*** Supplied material ***

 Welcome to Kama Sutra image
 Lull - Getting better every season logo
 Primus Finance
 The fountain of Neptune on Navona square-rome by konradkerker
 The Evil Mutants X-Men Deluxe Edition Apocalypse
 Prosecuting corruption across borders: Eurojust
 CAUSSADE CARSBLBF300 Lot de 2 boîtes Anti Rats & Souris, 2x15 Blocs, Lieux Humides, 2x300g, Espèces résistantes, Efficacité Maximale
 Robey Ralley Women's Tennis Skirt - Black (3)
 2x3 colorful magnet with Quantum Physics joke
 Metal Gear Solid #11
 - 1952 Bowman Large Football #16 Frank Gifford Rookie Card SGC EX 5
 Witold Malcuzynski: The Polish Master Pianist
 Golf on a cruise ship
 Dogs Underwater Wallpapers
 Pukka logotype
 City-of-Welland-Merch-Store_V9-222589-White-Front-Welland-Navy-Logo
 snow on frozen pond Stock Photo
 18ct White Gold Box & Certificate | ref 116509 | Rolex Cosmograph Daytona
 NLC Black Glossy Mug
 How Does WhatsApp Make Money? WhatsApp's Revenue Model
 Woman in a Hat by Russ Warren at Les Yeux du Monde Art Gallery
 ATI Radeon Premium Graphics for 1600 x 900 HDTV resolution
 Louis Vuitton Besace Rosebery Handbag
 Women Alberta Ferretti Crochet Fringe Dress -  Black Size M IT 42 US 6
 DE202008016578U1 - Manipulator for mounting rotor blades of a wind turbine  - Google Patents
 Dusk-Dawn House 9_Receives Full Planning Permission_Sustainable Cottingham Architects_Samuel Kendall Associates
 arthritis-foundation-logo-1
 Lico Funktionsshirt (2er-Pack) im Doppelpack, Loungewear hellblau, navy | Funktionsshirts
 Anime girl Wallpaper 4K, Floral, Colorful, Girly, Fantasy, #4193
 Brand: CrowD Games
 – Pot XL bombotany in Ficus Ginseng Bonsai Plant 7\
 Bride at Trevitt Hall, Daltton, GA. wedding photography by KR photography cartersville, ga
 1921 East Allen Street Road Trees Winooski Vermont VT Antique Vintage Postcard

*** End of Supplied material ***

Please find every line in the records that contains the word "White", and copy it out.

 City-of-Welland-Merch-Store_V9-222589-White-Front-Welland-Navy-Logo
 18ct White Gold Box & Certificate | ref 116509 | Rolex Cosmograph Daytona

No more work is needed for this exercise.